New York Gov. Kathy Hochul said she was "horrified" to hear that a local family had been caught up in the violence.
"My team is making contact with @StateDept to assist however possible. We condemn terror and stand with the Israeli people as they seek peace," the governor tweeted.
The shooting happened as the bus waited in a parking lot near David's Tomb on Mount Zion, just outside the Old City walls. Israeli media identified the suspected attacker as a 26-year-old Palestinian from east Jerusalem.
Israeli police said forces were dispatched to the scene to investigate.
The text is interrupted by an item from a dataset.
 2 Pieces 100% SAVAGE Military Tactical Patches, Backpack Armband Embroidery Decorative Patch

Israeli security forces also pushed into the nearby Palestinian neighborhood of Silwan pursuing the suspected attacker.
Later on Sunday, police said the suspected attacker turned himself in. Speaking at a meeting of his Cabinet on Sunday, Israeli Prime Mnister Yair Lapid said the suspected attacker was a resident of Jerusalem who was operating alone during the shooting and who had previously been arrested by Israel.
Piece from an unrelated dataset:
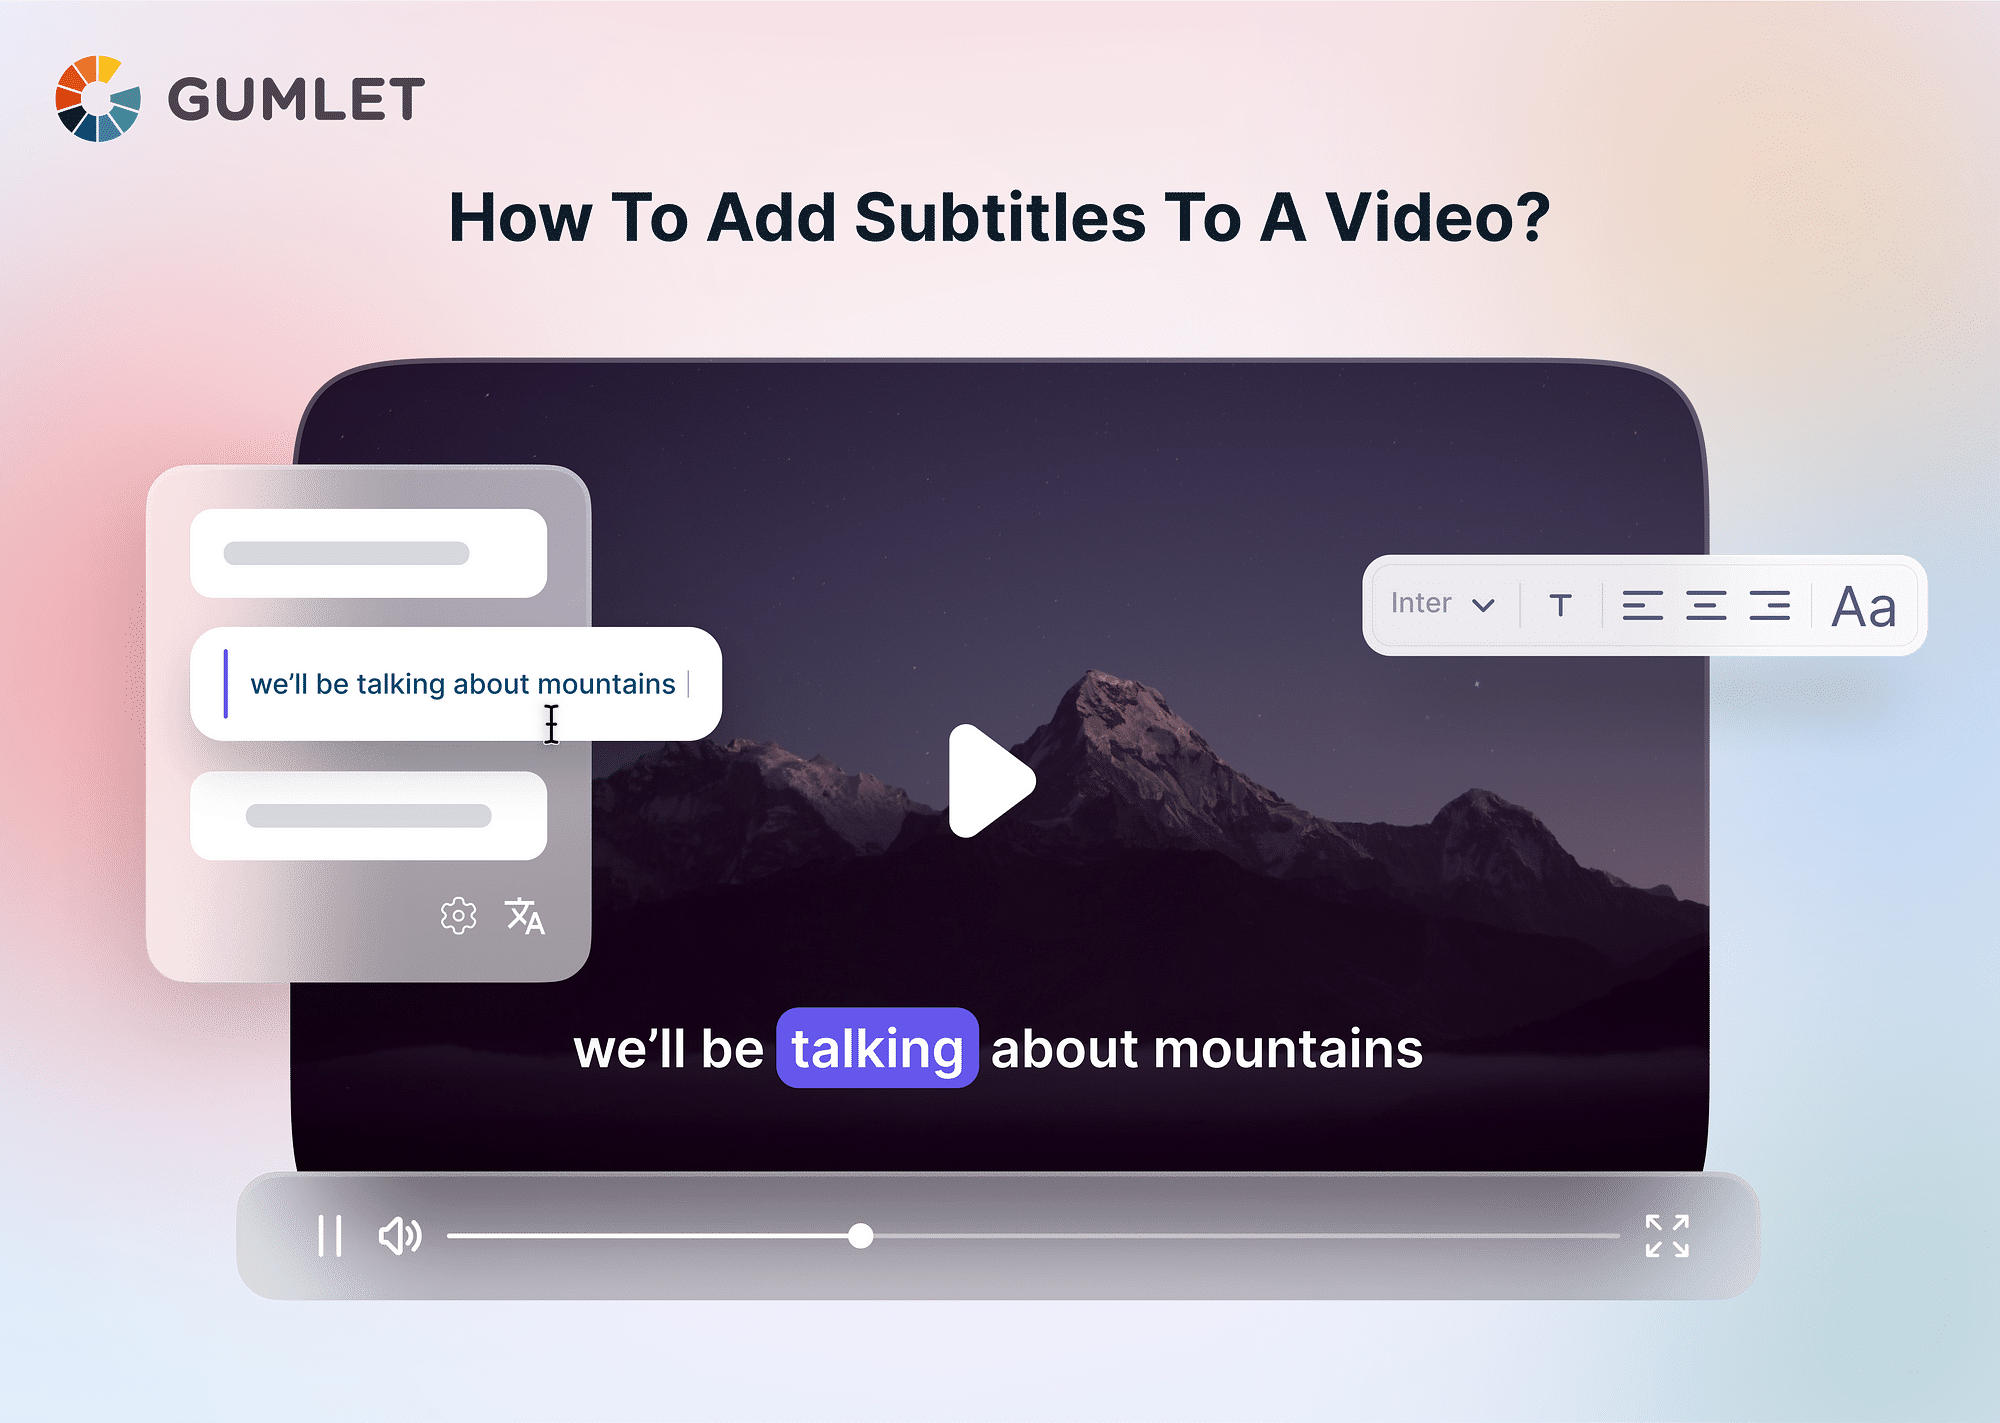 How to Add Subtitles to a Video?

The attack in Jerusalem followed a tense week between Israel and Palestinians in Gaza and the West Bank.
Last weekend, Israeli aircraft unleashed an offensive in the Gaza Strip targeting the militant group Islamic Jihad and setting off three days of fierce cross-border fighting. Islamic Jihad fired hundreds of rockets during the flare-up to avenge the airstrikes, which killed two of its commanders and other militants. Israel said the attack was meant to thwart threats from the group to respond to the arrest of one of its officials in the occupied West Bank.
Forty-nine Palestinians, including 17 children and 14 militants, were killed, and several hundred were injured in the fighting, which ended with an Egyptian-brokered cease-fire. No Israeli was killed or seriously injured.
The Islamic militant group Hamas, which controls Gaza, stayed on the sidelines.
A day after the cease-fire halted the worst round of Gaza fighting in more than a year, Israeli troops killed three Palestinian militants and wounded dozens in a shootout that erupted during an arrest raid in the West Bank city of Nablus.